The Eukaryotic Linear Motif resource for
Functional Sites in Proteins
Accession:
Functional site class:
AGC Kinase docking motif
Functional site description:
The AGC kinases constitute a large family of serine/threonine protein kinases consisting of 60 members, including the cAMP- and cGMP-dependent protein kinases (PKA and PKG), the protein kinase C family (PKC), PKB/Akt, ribosomal protein S6 kinases, and the 3-phosphoinositide-dependent protein kinase (PDK1). They regulate many critical processes including metabolism and cell proliferation. Members of this family contain a hydrophobic surface in the N-terminal lobe of their catalytic domain, called the PDK1 Interacting Fragment (PIF) pocket, and a non-catalytic C-terminal tail containing different motifs, including the AGCK docking motif that interacts with the PIF pocket. Both these regions are conserved in Eukaryotic AGC kinases, except for PDK1, which lacks the C-tail. The AGCK docking motif mediates intramolecular interactions to the PIF pocket, serving as a cis-activating module, but can also act as a PDK1 docking site that trans-activates PDK1, which in turn will phosphorylate the docked AGC kinase.

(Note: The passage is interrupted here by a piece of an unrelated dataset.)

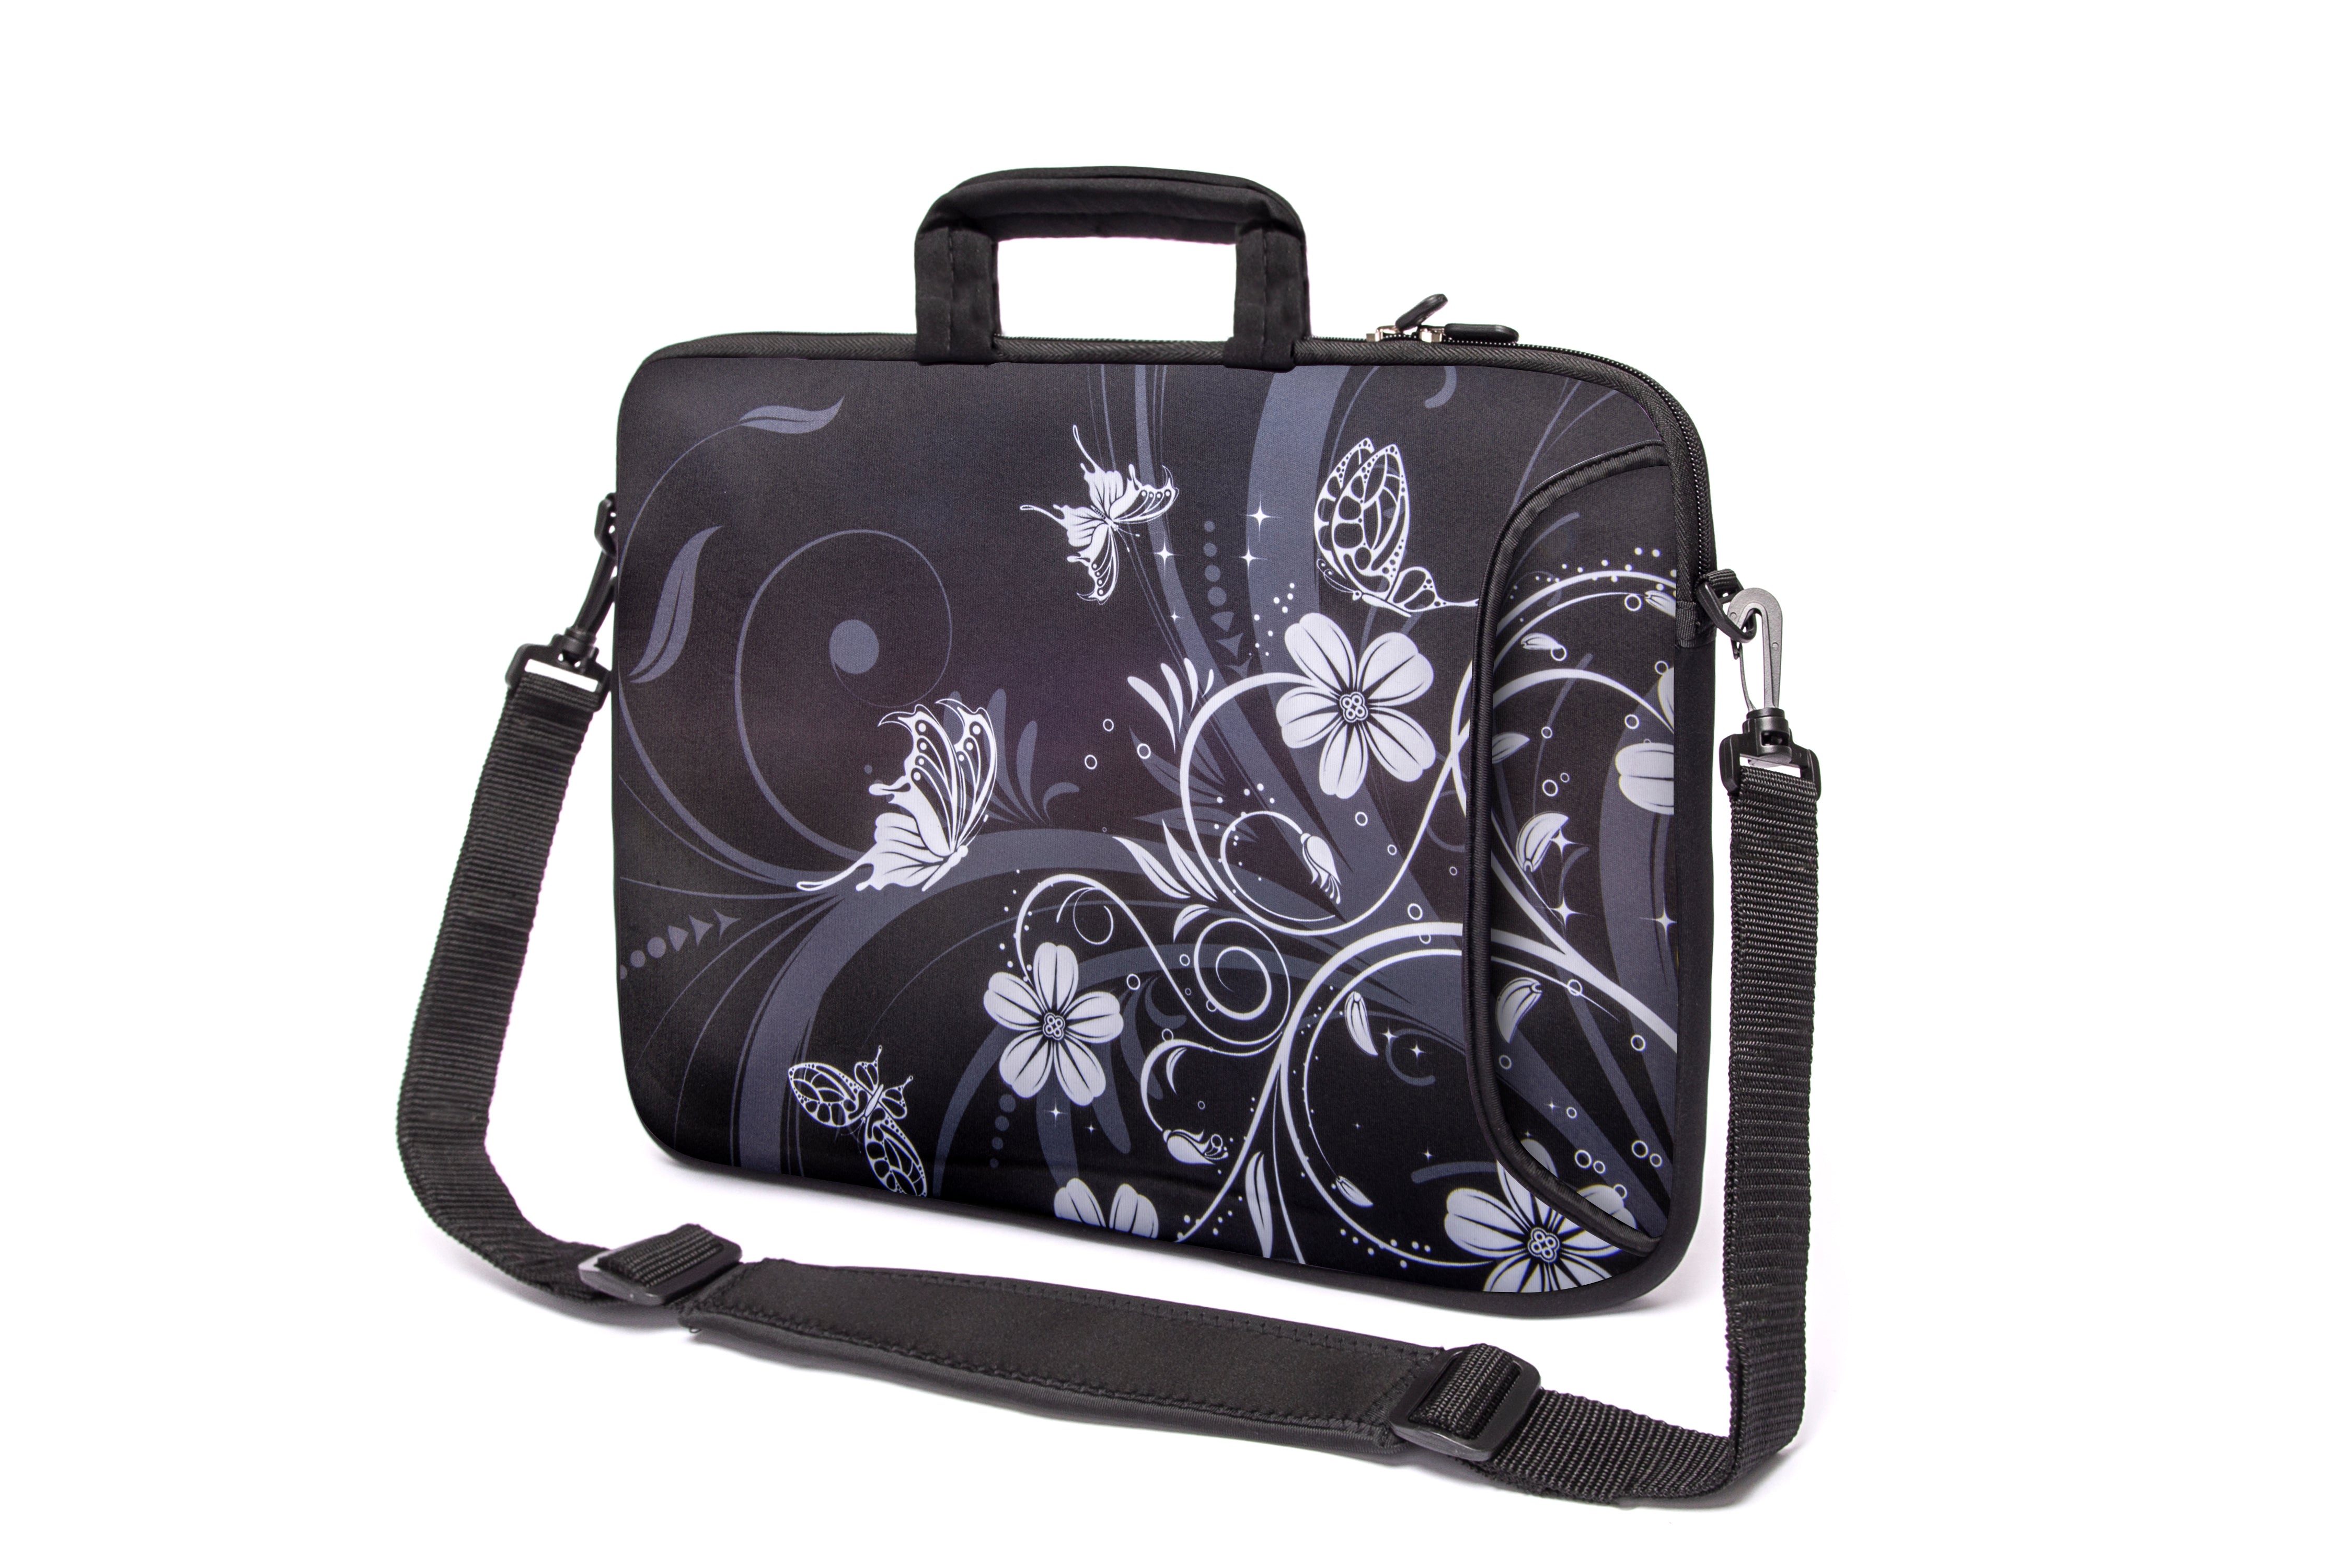 17"- 17.3" (inch) LAPTOP BAG/CASE WITH HANDLE & STRAP, NEOPRENE MADE FOR LAPTOPS/NOTEBOOKS, ZIPPED*BLACK 4 BUTTERFLIES*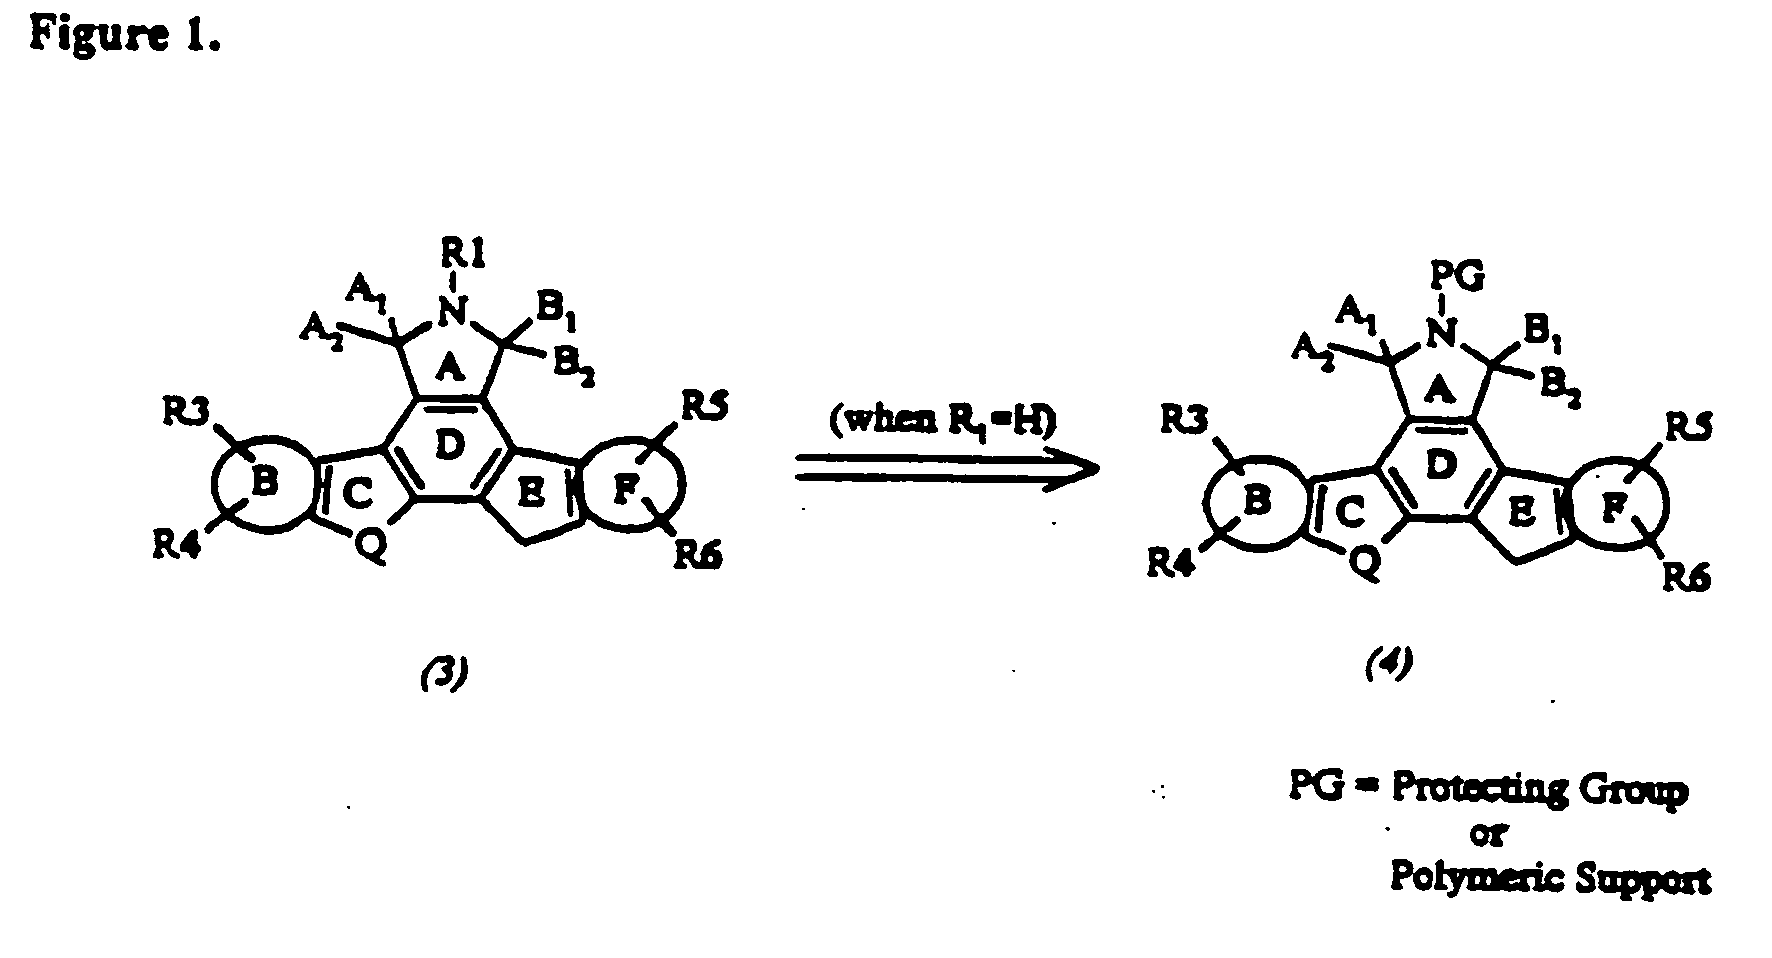 Cyclic substituted fused pyrrolocarbazoles and isoindolones

ELMs with same func. site: DOC_AGCK_PIF_1  DOC_AGCK_PIF_2  DOC_AGCK_PIF_3 
ELM Description:
The AGCK docking motif of some AGC kinases, including atypical PKC isoforms and PKC-like kinases (PKN), contains an acidic aspartate or glutamate residue at the position of the phosphorylatable serine/threonine residue present in the DOC_AGCK_PIF_1 motif variant. This acidic residue is flanked by an aromatic residue on either side. The residue directly upstream is most frequently phenylalanine but possibly other aromatic amino acids are allowed, while the residue downstream is either a phenylalanine or a tyrosine. An additional aromatic residue four residues upstream of the acidic residue is invariantly a phenylalanine. The 24-amino acid peptide PIFtide is derived from the AGCK docking motif of the PKN2 kinase and shows a higher affinity to PDK1 than any other PIF binding motif tested so far. In addition, PIFtide has been shown to be capable to activate both PKB and PDK1 with high potency.
Pattern: F..[FWY][DE][FY]
Pattern Probability: 0.0000033
Present in taxon: Eukaryota
Interaction Domain:
Pkinase (PF00069) Protein kinase domain (Stochiometry: 1 : 1)
o See 5 Instances for DOC_AGCK_PIF_2
o Abstract
This entry covers an auto-activating linear motif of AGC group kinases. Several variants of the motif exist, and for many kinases, the motif has been shown to operate in trans to bind and activate the upstream activating kinase PDK1. To make matters more complicated, some variants are regulated by phosphorylation.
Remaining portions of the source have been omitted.